O conceito de soberania surgiu no século XIV, com a obra de Jean Bodin. Ele definiu o poder soberano como perpétuo, absoluto, indivisível, inalienável, todavia, estabeleceu limites, como o respeito às leis naturais e divinas. Posteriormente, no século XVI, Grotius considerou o poder soberano do Estado alienável, não perpétuo, indivisível e absoluto. Ele aceitou os limites impostos por Bodin, e afirmou que o Estado deve observar o Direito Natural, as leis de Deus e o Direito Internacional.

Hoje, em conformidade com a Carta das Nações Unidas e com os princípios do Direito Internacional, os Estados têm o direito soberano de explorar os seus próprios recursos, na aplicação da sua própria política ambiental. Contudo, tem também a responsabilidade de assegurar que as atividades sob a sua jurisdição ou controle não prejudiquem o ambiente de outros Estados ou de áreas situadas fora dos limites da sua jurisdição. A soberania do Estado se estende desde a área terrestre, incluindo as águas interiores, até o mar territorial e os fundos marinhos. Nessa área, o Estado é a autoridade máxima e exerce o poder exclusivamente, mas seus direitos estão cada vez mais limitados e seus deveres se ampliando.

Verifica-se que, mesmo após a elaboração de políticas internacionais de proteção ao meio ambiente, a perda de biodiversidade prossegue, a desertificação e o desflorestamento se intensificam, os efeitos adversos da mudança do clima e os desastres naturais tornam-se mais evidentes.

O regime internacional de proteção da biodiversidade não foge ao movimento contemporâneo de reconhecimento e limitação do poder soberano do Estado.
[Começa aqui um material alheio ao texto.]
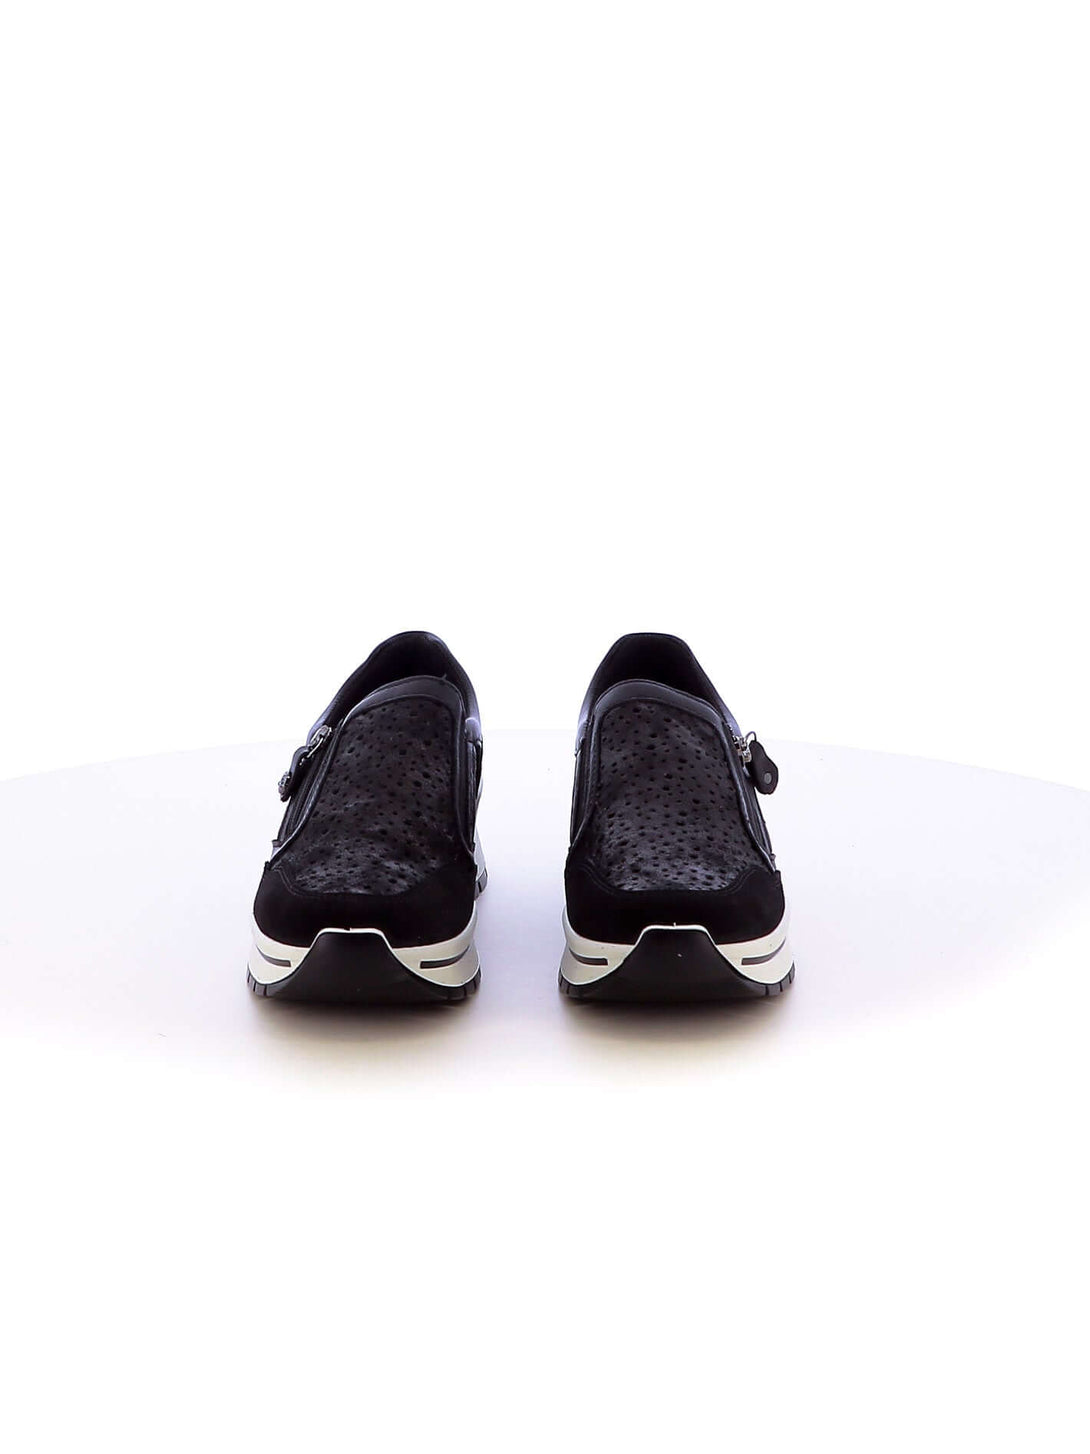 Sneakers senza lacci donna IMAC 557040 nero | Costa Superstore

A transformação de um bem ambiental em patrimônio comum da humanidade, e a responsabilidade exigida do Estado quanto à gestão de seus recursos, restringe sua independência para utilizar os recursos naturais, ainda que dentro do seu território. Diversamente, reconhecer a soberania dos Estados sobre determinados bens ambientais garante, juridicamente, sua independência e autonomia.

A soberania jurídica dos Estados para utilização e preservação da biodiversidade está resguardada pela Convenção- Quadro sobre Diversidade Biológica e na Declaração de Princípios. Contudo, este Tratado contempla limitações como o dever de conservá-la para as gerações presentes e futuras, explorando-a de modo sustentável, além de não provocar danos nos territórios vizinhos.

No regime de acesso aos recursos genéticos identifica-se o fortalecimento da soberania, já que o Estado atua de modo mais intenso, estabelecendo regras e legislações sobre acesso, e afastando as comunidades locais que tiveram seu importância reconhecida na CDB, na Declaração de Princípios e na Agenda 21. Por outro lado, a liberdade estatal é restringida por suas obrigações de cooperar, de facilitar, para outras Partes da Convenção, o acesso aos seus recursos genéticos; de transferir tecnologia; de promover a repartição justa e eqüitativa dos benefícios advindos do acesso. Assim, a soberania é ao mesmo tempo preservada e balizada juridicamente na Convenção da Diversidade Biológica.

Por fim, ao refletir sobre a relação entre soberania e meio ambiente, constata-se que o aumento da interdependência global diminui o grau de liberdade estatal, ou seja, a soberania deixou de ser absoluta, mas o Estado ainda é independente para gerir sua biodiversidade mediante normas jurídicas mais especificas e eficazes.

A independência estatal é reafirmada na CBD, ao se reconhecer o poder soberano dos Estados para explorar sua diversidade biológica e determinar o acesso, ao se estabelecer que as decisões nas COPs serão mediante consenso. Entretanto, o dever de cooperar, de prevenir, de precaver, de se responsabilizar pelos danos ambientais transfronteiriços restringiu, significativamente, o âmbito de liberdade do Estado.